> **PROBLEM DESCRIPTION**
Leaving the pictures aside, transcribe the data below exactly.

Start of DATA

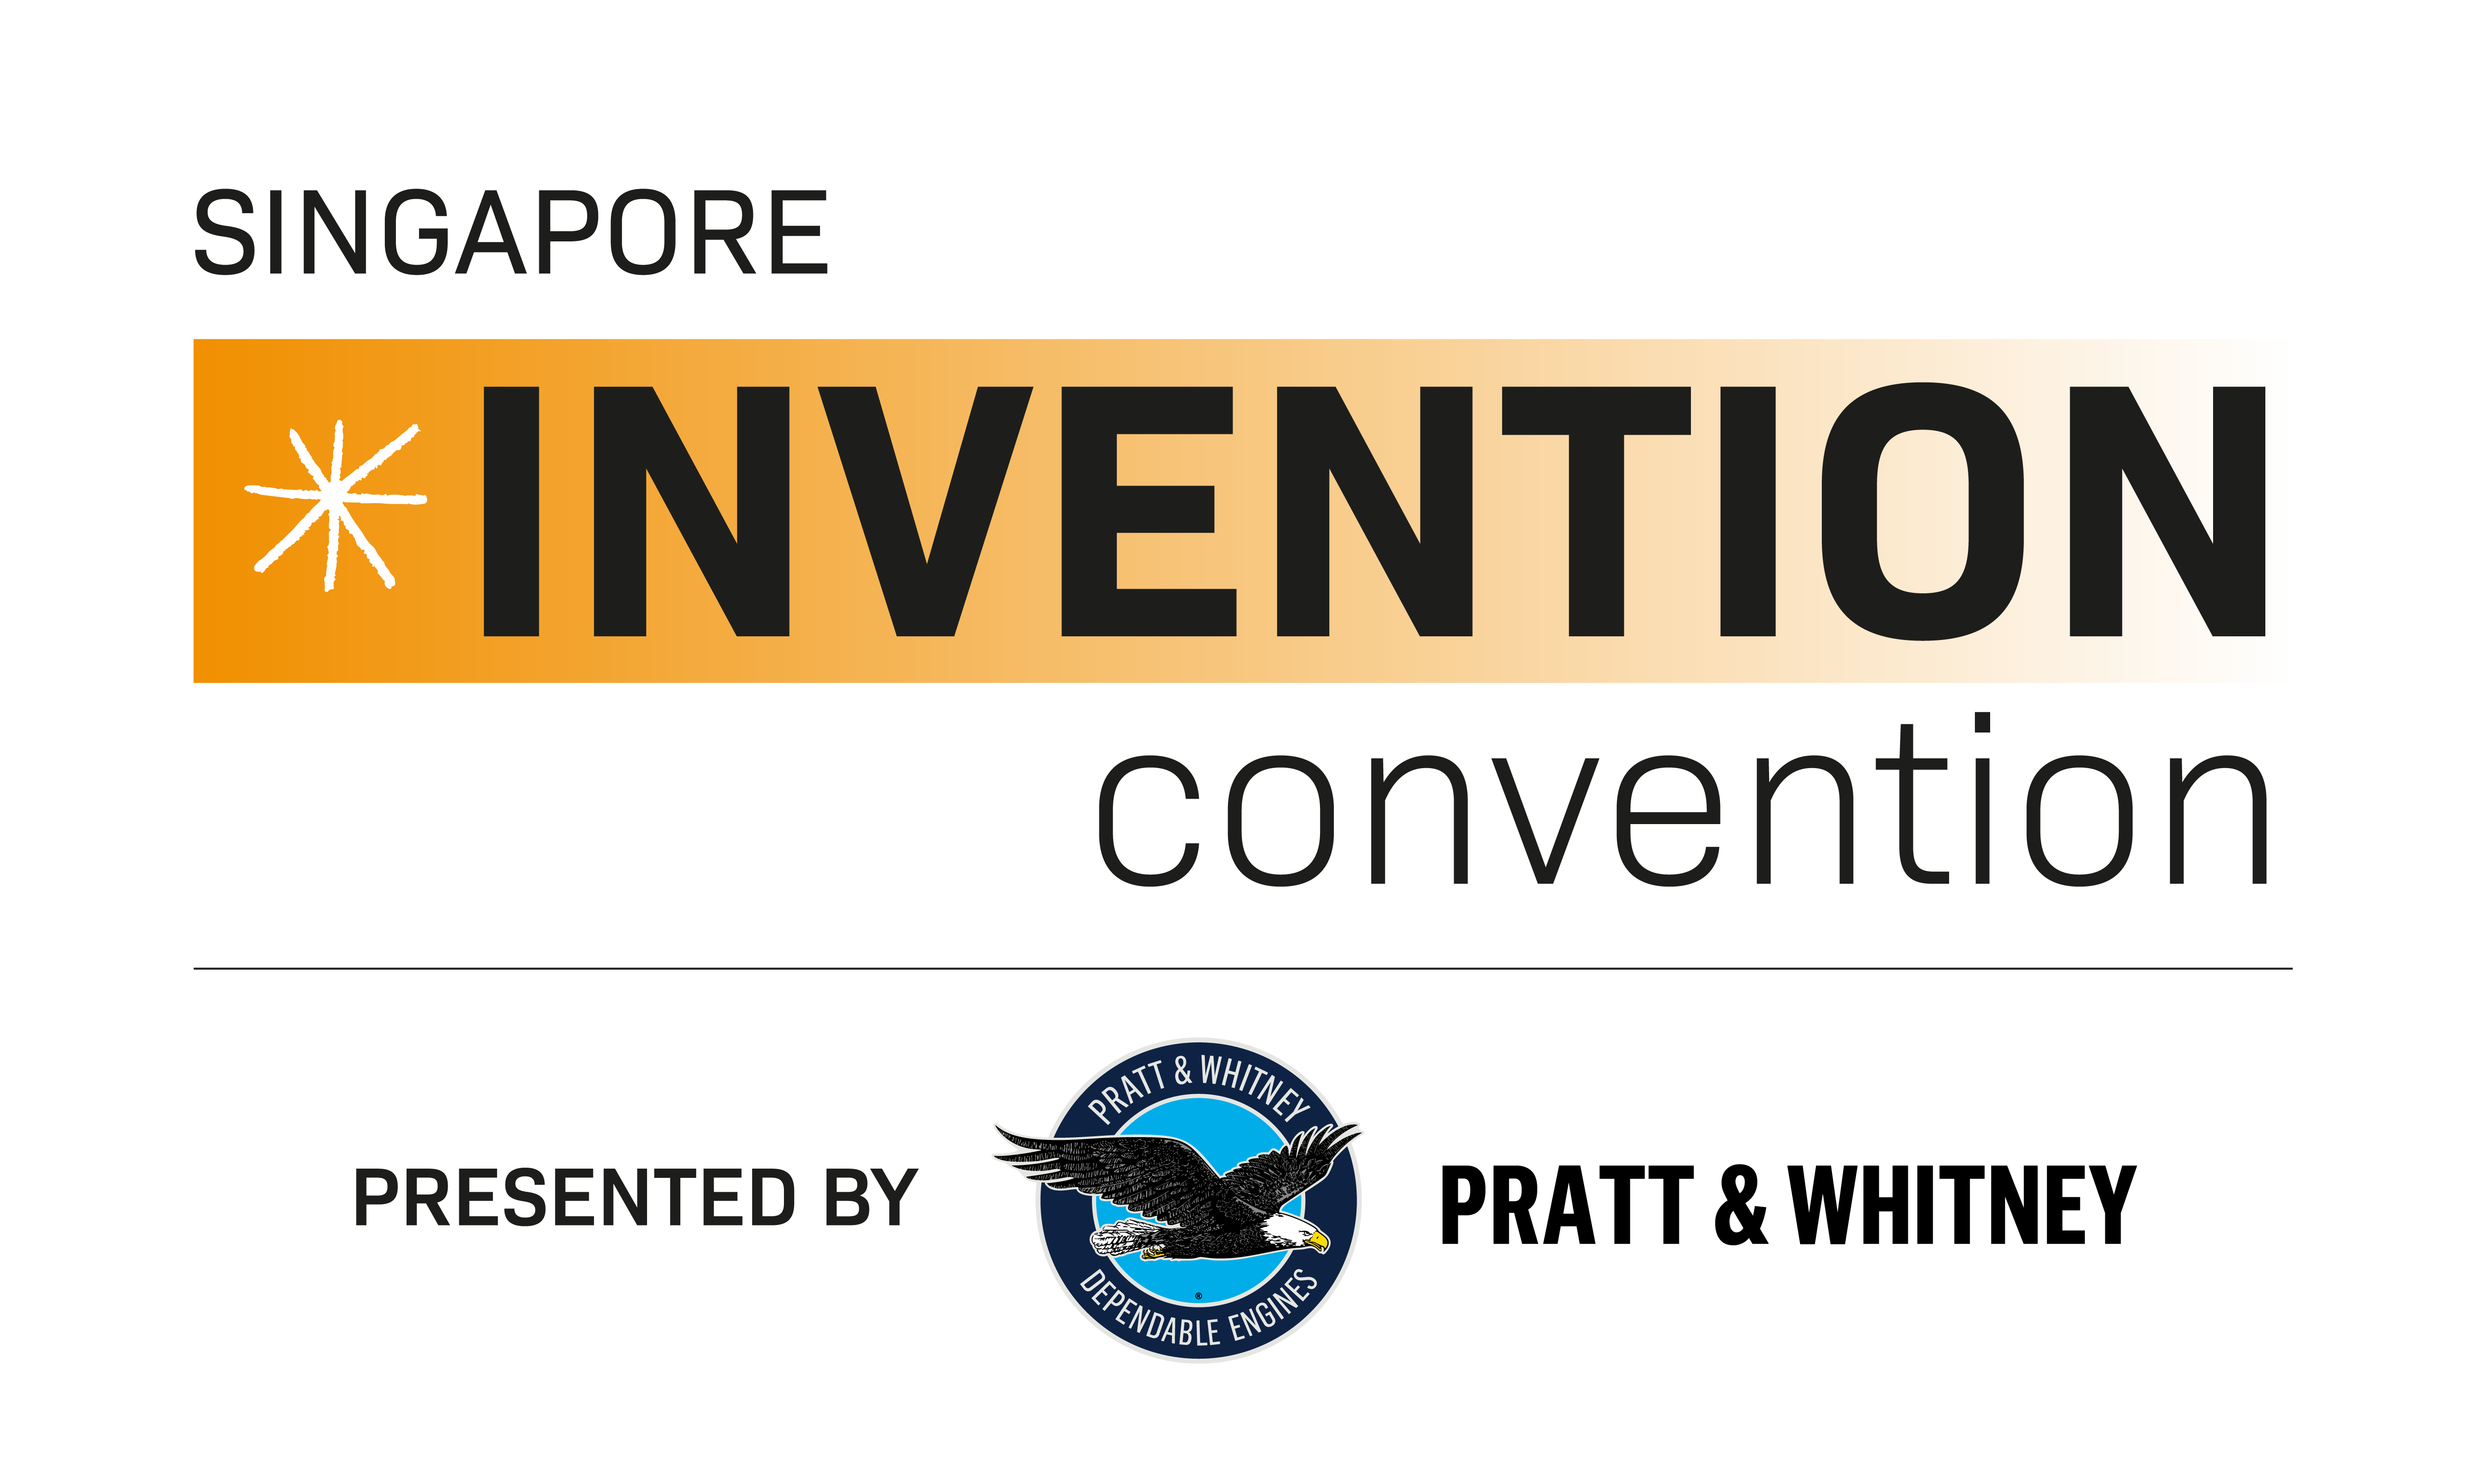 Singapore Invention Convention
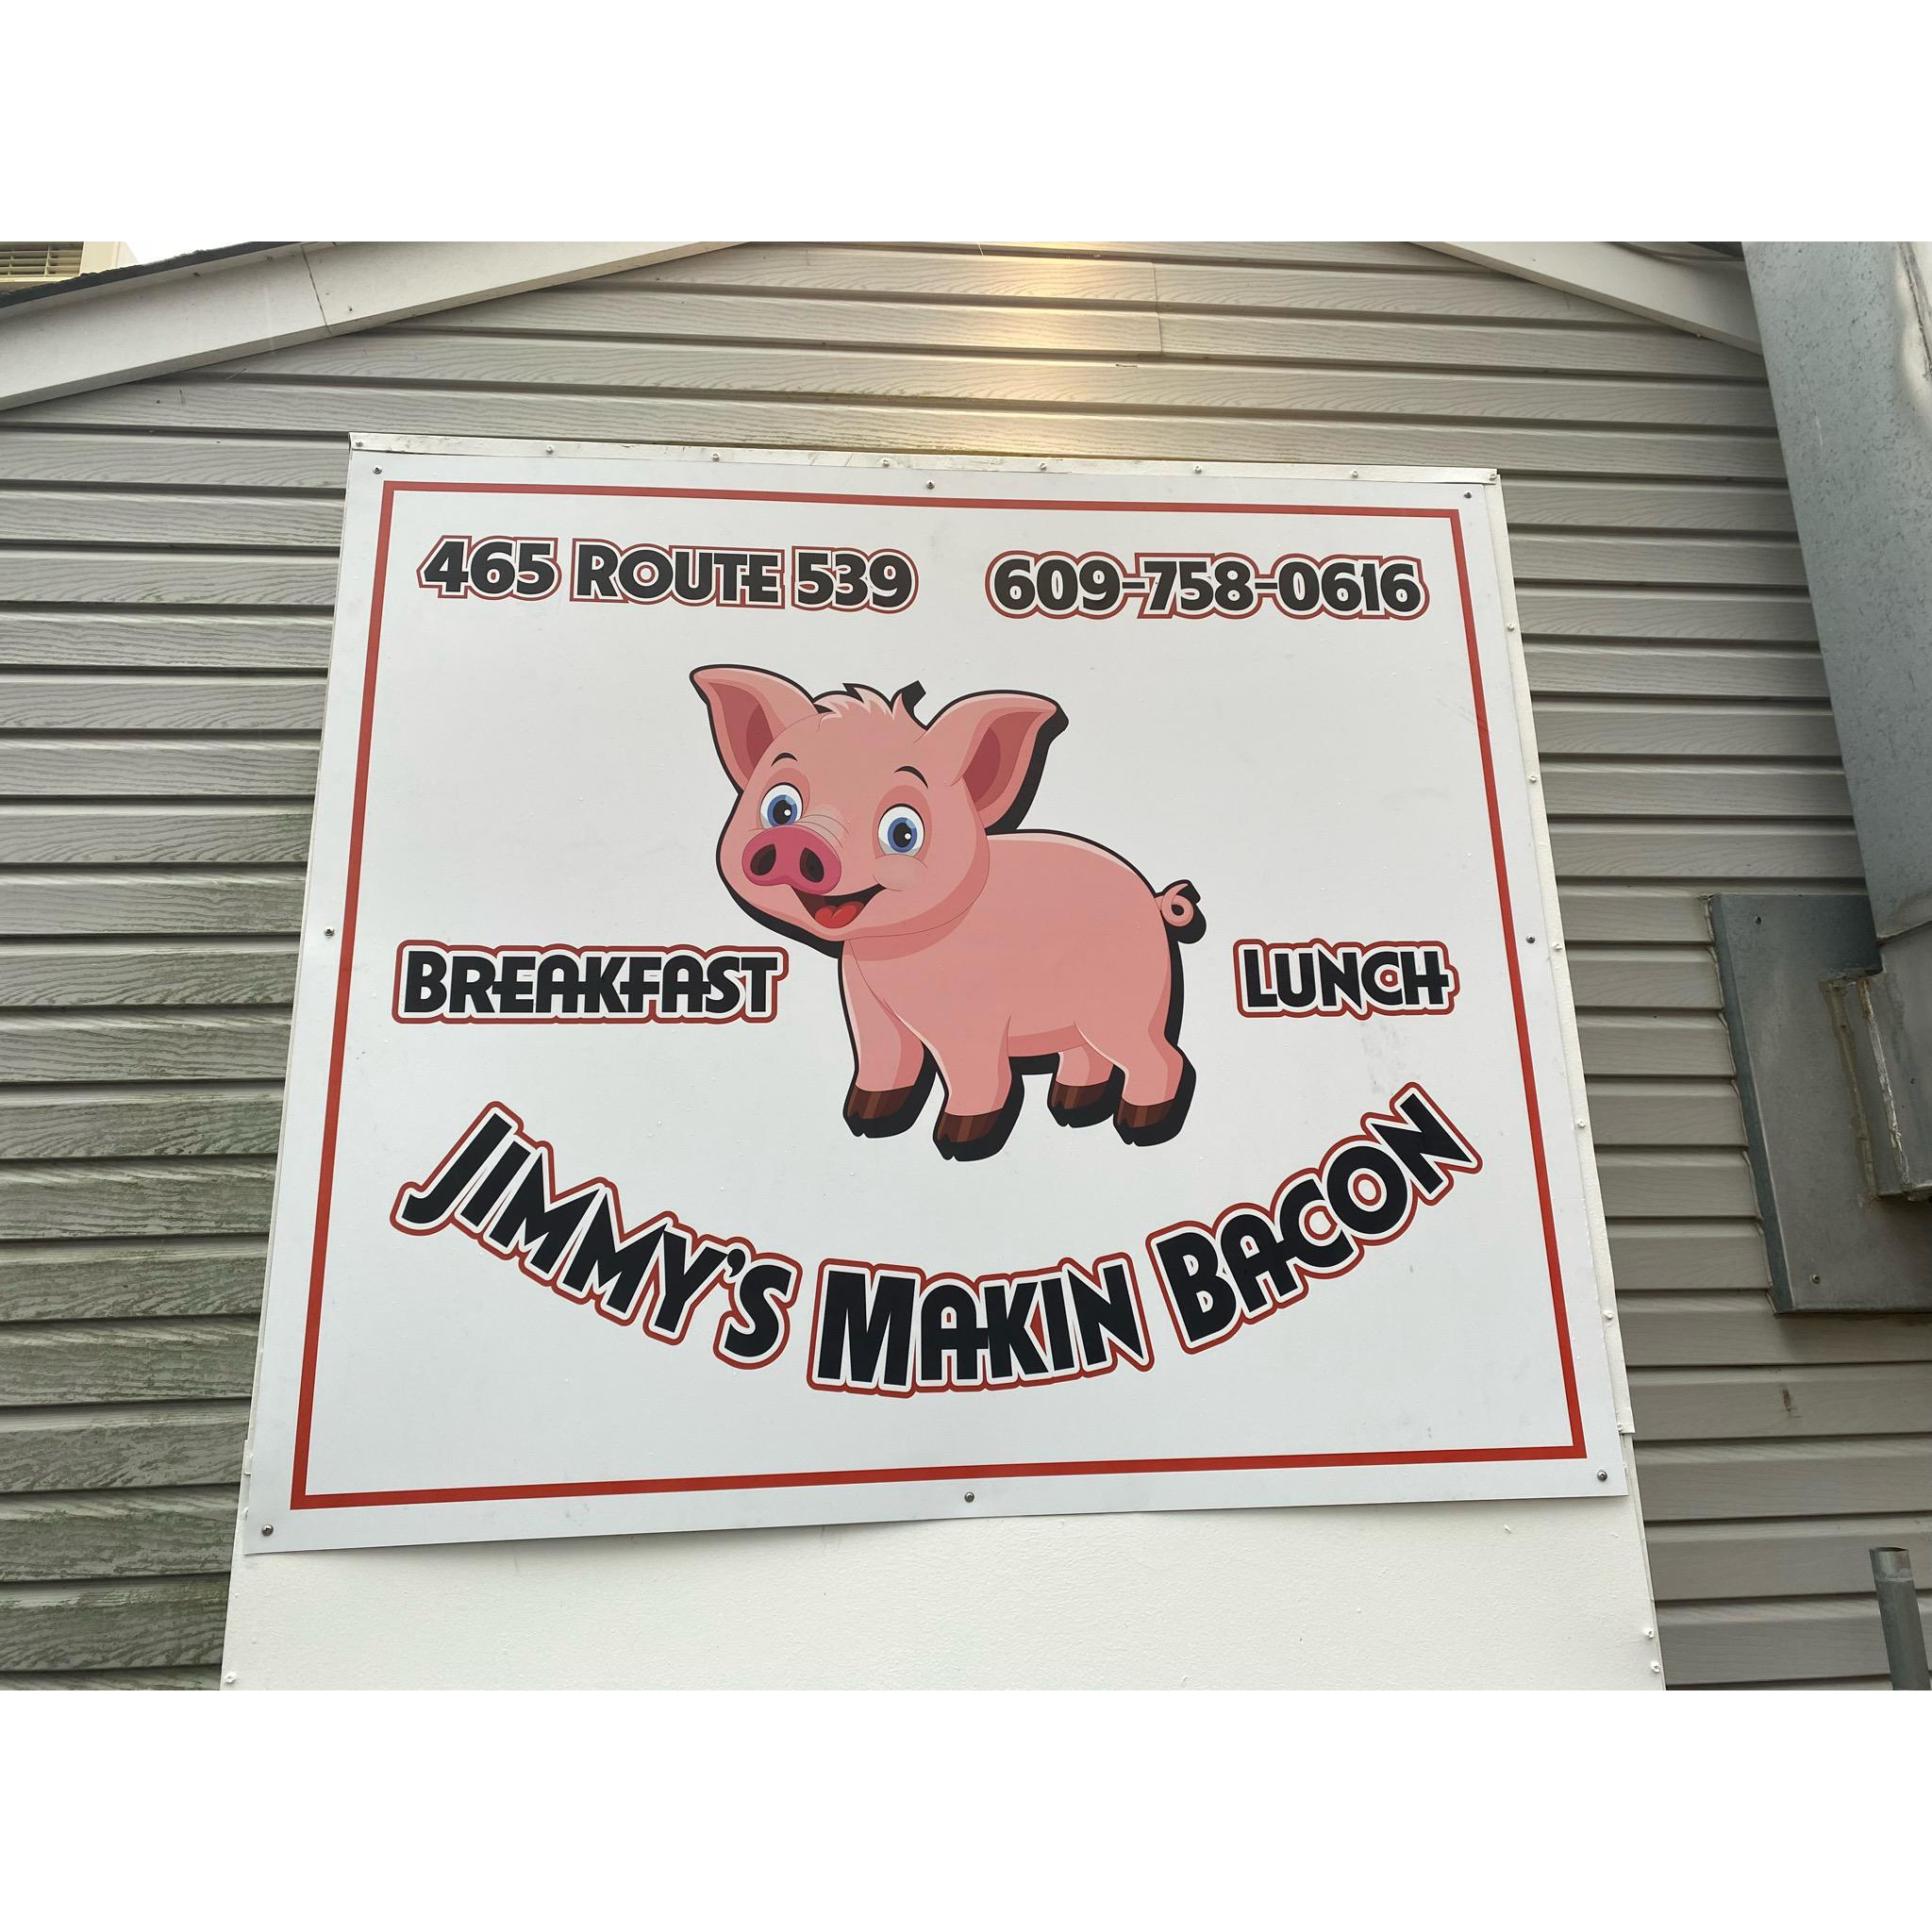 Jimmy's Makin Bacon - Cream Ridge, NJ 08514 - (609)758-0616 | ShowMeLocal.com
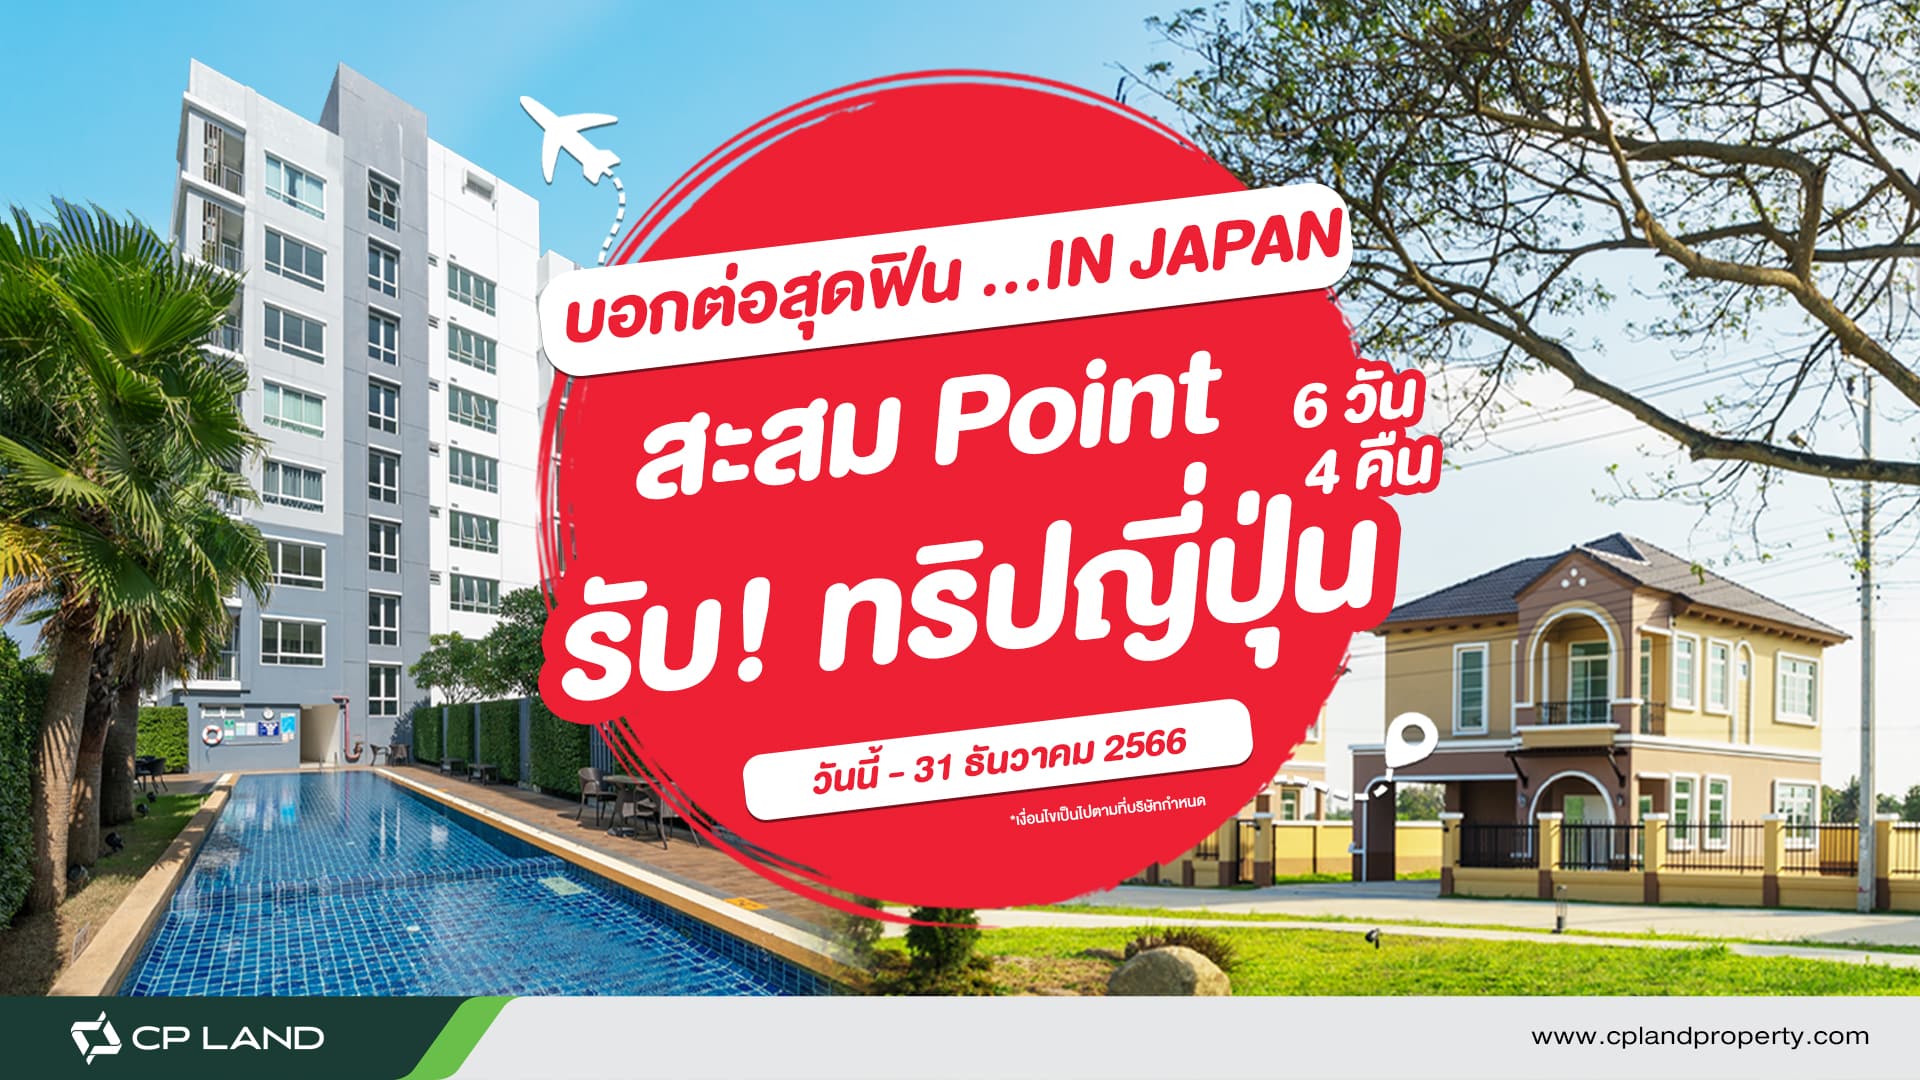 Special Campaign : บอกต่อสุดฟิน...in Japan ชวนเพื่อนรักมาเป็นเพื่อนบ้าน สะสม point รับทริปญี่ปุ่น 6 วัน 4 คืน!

End of DATA

> **RESPONSE AREA**
 Singapore Invention Convention
 Jimmy's Makin Bacon - Cream Ridge, NJ 08514 - (609)758-0616 | ShowMeLocal.com
 Special Campaign : บอกต่อสุดฟิน...in Japan ชวนเพื่อนรักมาเป็นเพื่อนบ้าน สะสม point รับทริปญี่ปุ่น 6 วัน 4 คืน!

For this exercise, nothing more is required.